In a second aspect, an embodiment of the present application provides a storage medium, where the storage medium includes a stored program, where the program when executed controls a device in which the storage medium is located to perform the method for information desensitization of big data according to any one of the first aspect or the possible implementation manners of the first aspect.
In a third aspect, embodiments of the present application provide a server, including a memory for storing information including program instructions, and a processor for controlling execution of the program instructions, which when loaded and executed by the processor, implement the steps of the method for information desensitization of big data according to the first aspect or any one of the possible implementations of the first aspect.

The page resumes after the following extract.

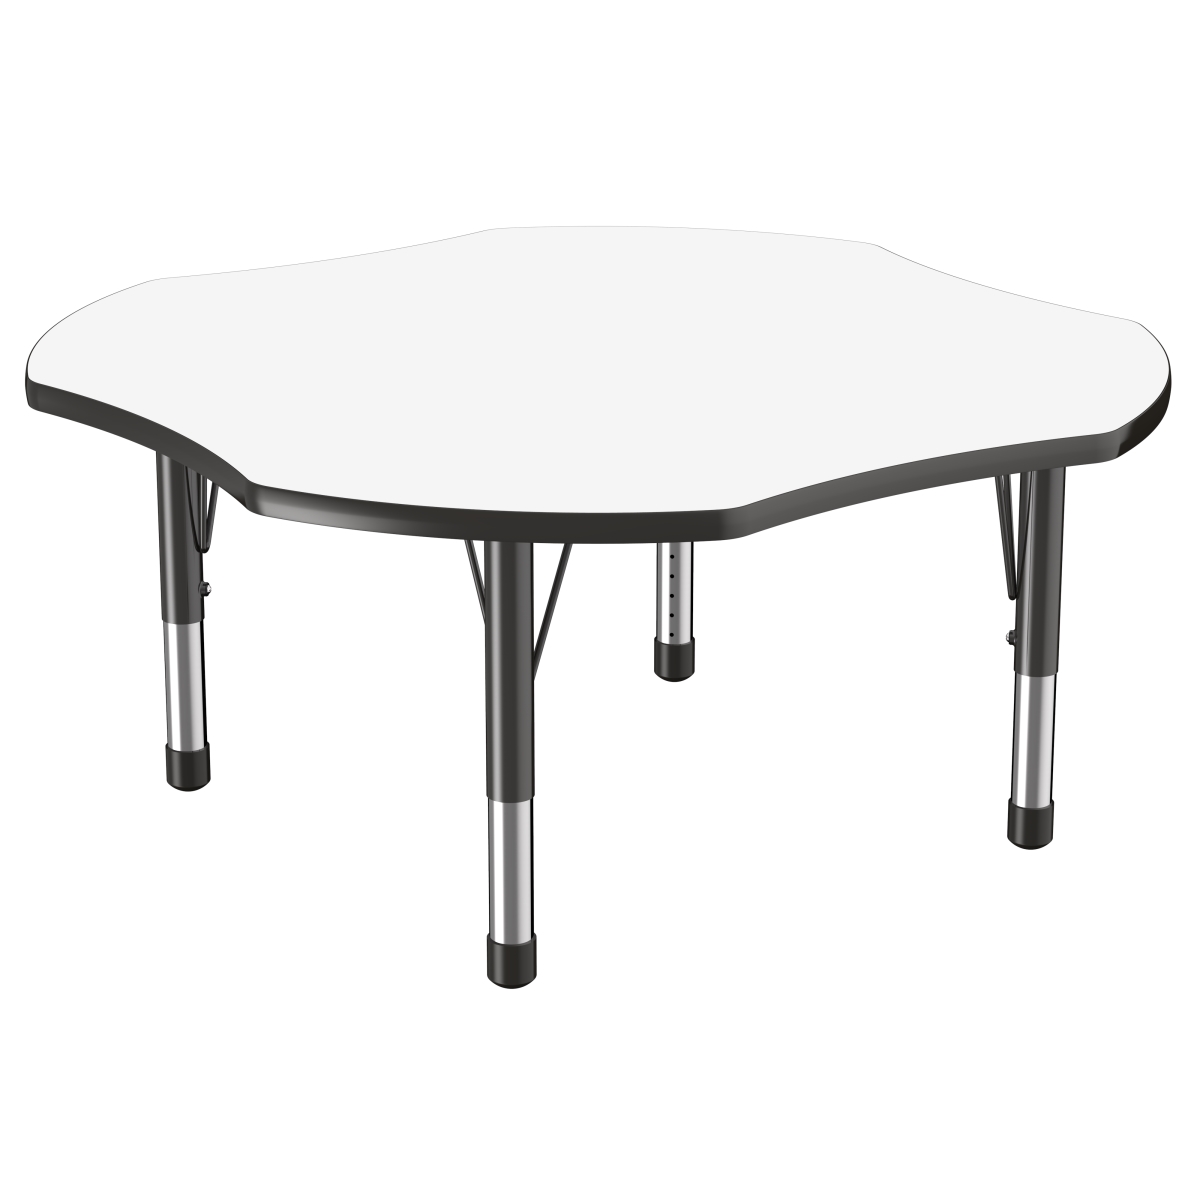 10235-debk 48 X 48 In. Clover Dry-erase Adjustable Activity Table With Chunky Leg - Black

The beneficial effects are that:
1. according to the scheme, a solution idea of an countermeasure network is generated by adopting conditions, each piece of original data in an original data set is subjected to entity, relation and attribute extraction, and sensitive information in the entity and the attribute is determined; then carrying out preliminary desensitization treatment on the sensitive information, and generating condition information based on the entity, relationship and attribute after the preliminary desensitization treatment; and generating a generator in the countermeasure network by using the trained conditions, generating a synthetic sample based on the condition information and the random vector, and finally obtaining a desensitization data set consisting of a plurality of synthetic samples. When the desensitization data set for post-processing is generated, the privacy information of the user is subjected to preliminary desensitization (original data structure can be maintained), the condition information is generated by utilizing the extracted entity, relation and attribute, the generation of the synthesized sample is guided, the quality of the synthesized sample can be ensured, the synthesized sample is very close to the real sample in the original data set, and the reliability of post-processing (data analysis, data mining and the like) is ensured. By using the desensitization data set, leakage of sensitive information containing user privacy is effectively eliminated, and sample generation is performed after preliminary desensitization is performed, so that threat of association analysis and restoration technology to user privacy is avoided, and safety guarantee is provided for user data privacy.
2. When the condition generation countermeasure network is constructed, the LSTM is selected as the generator, the transducer is selected as the discriminator, so that the condition generation countermeasure network can be suitable for more complex text content generation tasks, corresponding loss functions are designed, the generator and the discriminator are updated in a back propagation mode, when parameters to be optimized of the generator and the discriminator are updated, the generation capacity in the generated samples (the generation capacity is gradually enhanced along with repeated iteration of training) is considered, when related parameters are updated, the conditions met by the generated samples are considered, optimization of the related parameters is guided, the lower the conditions met by the early generated samples are, the larger the update amplitude is (corresponding parameters are utilized)As a coefficient of learning rate), training efficiency can be effectively improved, and convergence of the model can be quickened.
In order to make the above objects, features and advantages of the present application more comprehensible, preferred embodiments accompanied with figures are described in detail below.
Drawings
In order to more clearly illustrate the technical solutions of the embodiments of the present application, the drawings that are needed in the embodiments of the present application will be briefly described below, it should be understood that the following drawings only illustrate some embodiments of the present application and should not be considered as limiting the scope, and other related drawings may be obtained according to these drawings without inventive effort for a person skilled in the art.
FIG. 1 is a flow chart of a build condition generation countermeasure network.
Fig. 2 is a flowchart of a method for desensitizing information of big data according to an embodiment of the present application.
Detailed Description
The technical solutions in the embodiments of the present application will be described below with reference to the drawings in the embodiments of the present application.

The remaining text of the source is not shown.